THE PROBLEM. The entries below contain a line with "WOZ-waarde Mr. Jan Gerritszlaan 17-C Haarlem" and a line with "Achten Sie darauf, dass". Retype exactly everything from the first down to the second, both included, and nothing else.

RECORDS SUPPLIED.
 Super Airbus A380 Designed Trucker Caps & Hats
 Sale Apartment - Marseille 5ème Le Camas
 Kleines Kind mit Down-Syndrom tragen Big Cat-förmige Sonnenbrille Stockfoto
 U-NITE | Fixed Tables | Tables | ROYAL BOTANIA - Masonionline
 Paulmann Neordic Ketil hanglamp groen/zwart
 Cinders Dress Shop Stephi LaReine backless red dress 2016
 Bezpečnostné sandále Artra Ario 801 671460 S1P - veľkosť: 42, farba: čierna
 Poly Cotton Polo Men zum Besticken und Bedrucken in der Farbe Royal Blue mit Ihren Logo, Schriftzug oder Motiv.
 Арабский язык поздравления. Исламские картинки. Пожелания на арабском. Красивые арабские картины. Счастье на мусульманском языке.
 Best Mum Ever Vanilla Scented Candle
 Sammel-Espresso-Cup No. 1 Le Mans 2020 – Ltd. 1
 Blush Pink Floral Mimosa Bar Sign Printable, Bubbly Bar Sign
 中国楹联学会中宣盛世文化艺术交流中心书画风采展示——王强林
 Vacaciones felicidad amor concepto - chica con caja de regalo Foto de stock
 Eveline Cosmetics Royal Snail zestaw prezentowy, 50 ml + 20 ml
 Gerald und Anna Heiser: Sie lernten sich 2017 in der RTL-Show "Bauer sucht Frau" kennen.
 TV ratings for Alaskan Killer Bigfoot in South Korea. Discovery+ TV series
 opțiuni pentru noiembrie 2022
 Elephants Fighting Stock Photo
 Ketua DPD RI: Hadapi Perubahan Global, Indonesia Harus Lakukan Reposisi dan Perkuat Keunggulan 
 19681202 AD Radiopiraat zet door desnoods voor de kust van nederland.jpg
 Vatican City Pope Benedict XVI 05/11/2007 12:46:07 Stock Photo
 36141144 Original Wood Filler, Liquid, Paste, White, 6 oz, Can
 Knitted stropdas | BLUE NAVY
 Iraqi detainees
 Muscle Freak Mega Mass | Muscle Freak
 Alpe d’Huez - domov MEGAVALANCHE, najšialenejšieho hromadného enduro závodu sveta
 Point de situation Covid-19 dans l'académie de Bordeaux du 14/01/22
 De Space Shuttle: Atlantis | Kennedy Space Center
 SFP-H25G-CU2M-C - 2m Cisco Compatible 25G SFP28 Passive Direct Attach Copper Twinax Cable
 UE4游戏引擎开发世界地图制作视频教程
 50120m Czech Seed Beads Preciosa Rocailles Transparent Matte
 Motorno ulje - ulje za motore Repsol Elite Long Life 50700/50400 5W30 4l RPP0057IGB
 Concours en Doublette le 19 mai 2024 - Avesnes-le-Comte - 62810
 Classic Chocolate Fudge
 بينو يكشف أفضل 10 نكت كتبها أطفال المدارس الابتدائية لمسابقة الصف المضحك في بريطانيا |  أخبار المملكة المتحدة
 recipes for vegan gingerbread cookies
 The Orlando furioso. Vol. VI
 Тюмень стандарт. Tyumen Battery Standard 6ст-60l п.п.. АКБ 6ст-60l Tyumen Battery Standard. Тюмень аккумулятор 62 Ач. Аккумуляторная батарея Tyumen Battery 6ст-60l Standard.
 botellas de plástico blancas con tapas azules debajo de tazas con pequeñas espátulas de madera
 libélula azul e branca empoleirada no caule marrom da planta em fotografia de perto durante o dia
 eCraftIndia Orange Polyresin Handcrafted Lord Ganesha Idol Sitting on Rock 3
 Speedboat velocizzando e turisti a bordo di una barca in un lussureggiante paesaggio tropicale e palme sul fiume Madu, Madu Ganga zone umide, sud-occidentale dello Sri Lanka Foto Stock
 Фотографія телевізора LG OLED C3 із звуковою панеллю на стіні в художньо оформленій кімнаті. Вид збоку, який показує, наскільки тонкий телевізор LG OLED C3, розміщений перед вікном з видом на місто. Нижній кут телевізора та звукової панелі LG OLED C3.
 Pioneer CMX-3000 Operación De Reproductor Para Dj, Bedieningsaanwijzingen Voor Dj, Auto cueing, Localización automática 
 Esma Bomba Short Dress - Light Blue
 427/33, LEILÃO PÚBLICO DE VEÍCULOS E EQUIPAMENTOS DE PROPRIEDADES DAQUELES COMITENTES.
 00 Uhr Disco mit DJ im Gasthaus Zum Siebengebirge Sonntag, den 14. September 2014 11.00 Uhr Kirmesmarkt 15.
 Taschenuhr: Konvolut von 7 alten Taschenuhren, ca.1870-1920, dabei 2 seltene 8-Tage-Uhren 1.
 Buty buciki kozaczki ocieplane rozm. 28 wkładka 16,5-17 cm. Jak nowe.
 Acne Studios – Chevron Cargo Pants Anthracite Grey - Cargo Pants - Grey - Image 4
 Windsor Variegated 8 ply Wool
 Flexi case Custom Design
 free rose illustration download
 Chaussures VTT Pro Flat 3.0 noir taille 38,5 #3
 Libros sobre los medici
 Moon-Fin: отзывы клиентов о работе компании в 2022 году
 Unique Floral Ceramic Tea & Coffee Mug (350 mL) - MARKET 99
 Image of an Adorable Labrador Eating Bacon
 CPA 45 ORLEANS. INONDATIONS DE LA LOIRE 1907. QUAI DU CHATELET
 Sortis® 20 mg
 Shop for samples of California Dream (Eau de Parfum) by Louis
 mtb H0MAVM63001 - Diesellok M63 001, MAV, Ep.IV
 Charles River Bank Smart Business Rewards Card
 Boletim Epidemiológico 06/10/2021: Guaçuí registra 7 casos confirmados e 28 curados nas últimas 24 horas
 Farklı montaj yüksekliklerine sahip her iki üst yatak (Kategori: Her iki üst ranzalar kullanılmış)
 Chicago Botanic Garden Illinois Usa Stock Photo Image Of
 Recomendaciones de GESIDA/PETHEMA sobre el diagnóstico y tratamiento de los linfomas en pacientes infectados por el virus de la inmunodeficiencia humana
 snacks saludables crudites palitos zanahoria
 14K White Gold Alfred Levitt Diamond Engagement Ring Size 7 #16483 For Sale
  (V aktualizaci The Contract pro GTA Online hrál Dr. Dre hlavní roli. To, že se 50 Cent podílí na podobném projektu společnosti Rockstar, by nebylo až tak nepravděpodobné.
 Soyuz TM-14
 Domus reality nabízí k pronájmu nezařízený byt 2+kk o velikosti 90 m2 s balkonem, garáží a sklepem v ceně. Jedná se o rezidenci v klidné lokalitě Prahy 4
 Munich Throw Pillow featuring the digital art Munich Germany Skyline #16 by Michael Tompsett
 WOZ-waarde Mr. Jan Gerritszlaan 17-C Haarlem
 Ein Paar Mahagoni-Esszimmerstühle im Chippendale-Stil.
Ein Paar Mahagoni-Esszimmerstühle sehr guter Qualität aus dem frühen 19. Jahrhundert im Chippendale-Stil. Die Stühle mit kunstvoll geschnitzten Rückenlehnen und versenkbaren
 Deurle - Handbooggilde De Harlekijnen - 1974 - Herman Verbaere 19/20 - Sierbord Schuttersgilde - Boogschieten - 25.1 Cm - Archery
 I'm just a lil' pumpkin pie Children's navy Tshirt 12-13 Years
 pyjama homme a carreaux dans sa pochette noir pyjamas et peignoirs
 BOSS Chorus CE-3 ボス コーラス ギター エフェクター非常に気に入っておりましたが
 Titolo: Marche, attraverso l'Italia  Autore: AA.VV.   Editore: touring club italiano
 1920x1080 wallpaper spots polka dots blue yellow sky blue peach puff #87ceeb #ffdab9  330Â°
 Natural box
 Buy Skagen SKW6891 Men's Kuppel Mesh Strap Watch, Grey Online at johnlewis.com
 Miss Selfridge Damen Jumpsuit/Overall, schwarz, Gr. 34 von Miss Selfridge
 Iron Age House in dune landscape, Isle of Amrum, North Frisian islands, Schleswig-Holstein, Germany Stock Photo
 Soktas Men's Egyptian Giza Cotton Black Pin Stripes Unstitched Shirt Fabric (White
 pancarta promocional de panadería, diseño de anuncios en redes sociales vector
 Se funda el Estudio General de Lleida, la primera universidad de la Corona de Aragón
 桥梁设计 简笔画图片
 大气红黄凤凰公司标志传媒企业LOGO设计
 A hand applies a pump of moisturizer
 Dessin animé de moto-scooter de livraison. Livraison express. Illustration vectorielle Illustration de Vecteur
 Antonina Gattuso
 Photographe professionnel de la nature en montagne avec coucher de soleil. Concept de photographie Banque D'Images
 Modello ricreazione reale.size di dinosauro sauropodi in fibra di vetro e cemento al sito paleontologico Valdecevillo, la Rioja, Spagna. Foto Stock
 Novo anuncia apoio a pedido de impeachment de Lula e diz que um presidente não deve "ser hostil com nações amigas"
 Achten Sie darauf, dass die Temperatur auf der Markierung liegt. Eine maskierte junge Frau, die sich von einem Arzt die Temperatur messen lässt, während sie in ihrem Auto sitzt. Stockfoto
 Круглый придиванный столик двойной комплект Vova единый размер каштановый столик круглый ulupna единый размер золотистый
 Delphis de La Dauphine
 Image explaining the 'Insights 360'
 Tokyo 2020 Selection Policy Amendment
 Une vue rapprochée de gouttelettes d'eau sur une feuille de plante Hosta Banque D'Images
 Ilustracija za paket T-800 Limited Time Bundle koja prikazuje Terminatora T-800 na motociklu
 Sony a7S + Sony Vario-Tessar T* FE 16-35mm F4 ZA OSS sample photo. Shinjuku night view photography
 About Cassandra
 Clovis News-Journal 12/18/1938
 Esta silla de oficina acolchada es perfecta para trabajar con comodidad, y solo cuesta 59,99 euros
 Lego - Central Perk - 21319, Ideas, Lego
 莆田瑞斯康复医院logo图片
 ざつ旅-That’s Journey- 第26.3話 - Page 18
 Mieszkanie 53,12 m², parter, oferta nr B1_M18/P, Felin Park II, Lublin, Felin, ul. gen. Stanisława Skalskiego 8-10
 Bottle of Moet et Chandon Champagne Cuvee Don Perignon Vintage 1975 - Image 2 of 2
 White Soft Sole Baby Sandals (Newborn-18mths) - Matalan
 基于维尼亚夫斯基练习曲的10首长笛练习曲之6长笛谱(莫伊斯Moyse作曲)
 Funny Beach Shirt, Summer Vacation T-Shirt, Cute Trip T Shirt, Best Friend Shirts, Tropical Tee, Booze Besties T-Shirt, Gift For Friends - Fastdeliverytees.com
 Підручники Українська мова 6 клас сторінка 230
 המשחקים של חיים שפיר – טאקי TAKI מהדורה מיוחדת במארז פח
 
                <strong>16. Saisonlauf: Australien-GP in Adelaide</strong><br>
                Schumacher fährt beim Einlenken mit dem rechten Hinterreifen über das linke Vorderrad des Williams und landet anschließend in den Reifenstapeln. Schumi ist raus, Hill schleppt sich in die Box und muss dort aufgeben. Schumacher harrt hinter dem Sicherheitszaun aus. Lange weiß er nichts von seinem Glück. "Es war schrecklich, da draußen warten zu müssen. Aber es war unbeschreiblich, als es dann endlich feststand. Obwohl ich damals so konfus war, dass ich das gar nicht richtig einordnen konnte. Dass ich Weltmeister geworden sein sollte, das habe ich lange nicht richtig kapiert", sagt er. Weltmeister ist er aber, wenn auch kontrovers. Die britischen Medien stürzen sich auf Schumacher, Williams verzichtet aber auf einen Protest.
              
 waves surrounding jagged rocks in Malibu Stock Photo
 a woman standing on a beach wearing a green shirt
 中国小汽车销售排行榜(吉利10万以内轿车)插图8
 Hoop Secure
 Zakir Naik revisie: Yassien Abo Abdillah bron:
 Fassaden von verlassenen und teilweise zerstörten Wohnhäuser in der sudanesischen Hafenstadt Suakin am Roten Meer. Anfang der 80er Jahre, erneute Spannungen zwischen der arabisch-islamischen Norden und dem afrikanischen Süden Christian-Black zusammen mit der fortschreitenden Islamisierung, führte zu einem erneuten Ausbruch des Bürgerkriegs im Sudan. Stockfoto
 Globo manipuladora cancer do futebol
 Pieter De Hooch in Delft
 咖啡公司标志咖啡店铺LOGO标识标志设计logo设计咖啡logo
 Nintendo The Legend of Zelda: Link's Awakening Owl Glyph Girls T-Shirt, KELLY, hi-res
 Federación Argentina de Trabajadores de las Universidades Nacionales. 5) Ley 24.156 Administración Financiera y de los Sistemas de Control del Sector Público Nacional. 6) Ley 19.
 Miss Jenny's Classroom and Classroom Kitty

SOLUTION FOR THIS EXERCISE.
 WOZ-waarde Mr. Jan Gerritszlaan 17-C Haarlem
 Ein Paar Mahagoni-Esszimmerstühle im Chippendale-Stil.
Ein Paar Mahagoni-Esszimmerstühle sehr guter Qualität aus dem frühen 19. Jahrhundert im Chippendale-Stil. Die Stühle mit kunstvoll geschnitzten Rückenlehnen und versenkbaren
 Deurle - Handbooggilde De Harlekijnen - 1974 - Herman Verbaere 19/20 - Sierbord Schuttersgilde - Boogschieten - 25.1 Cm - Archery
 I'm just a lil' pumpkin pie Children's navy Tshirt 12-13 Years
 pyjama homme a carreaux dans sa pochette noir pyjamas et peignoirs
 BOSS Chorus CE-3 ボス コーラス ギター エフェクター非常に気に入っておりましたが
 Titolo: Marche, attraverso l'Italia  Autore: AA.VV.   Editore: touring club italiano
 1920x1080 wallpaper spots polka dots blue yellow sky blue peach puff #87ceeb #ffdab9  330Â°
 Natural box
 Buy Skagen SKW6891 Men's Kuppel Mesh Strap Watch, Grey Online at johnlewis.com
 Miss Selfridge Damen Jumpsuit/Overall, schwarz, Gr. 34 von Miss Selfridge
 Iron Age House in dune landscape, Isle of Amrum, North Frisian islands, Schleswig-Holstein, Germany Stock Photo
 Soktas Men's Egyptian Giza Cotton Black Pin Stripes Unstitched Shirt Fabric (White
 pancarta promocional de panadería, diseño de anuncios en redes sociales vector
 Se funda el Estudio General de Lleida, la primera universidad de la Corona de Aragón
 桥梁设计 简笔画图片
 大气红黄凤凰公司标志传媒企业LOGO设计
 A hand applies a pump of moisturizer
 Dessin animé de moto-scooter de livraison. Livraison express. Illustration vectorielle Illustration de Vecteur
 Antonina Gattuso
 Photographe professionnel de la nature en montagne avec coucher de soleil. Concept de photographie Banque D'Images
 Modello ricreazione reale.size di dinosauro sauropodi in fibra di vetro e cemento al sito paleontologico Valdecevillo, la Rioja, Spagna. Foto Stock
 Novo anuncia apoio a pedido de impeachment de Lula e diz que um presidente não deve "ser hostil com nações amigas"
 Achten Sie darauf, dass die Temperatur auf der Markierung liegt. Eine maskierte junge Frau, die sich von einem Arzt die Temperatur messen lässt, während sie in ihrem Auto sitzt. Stockfoto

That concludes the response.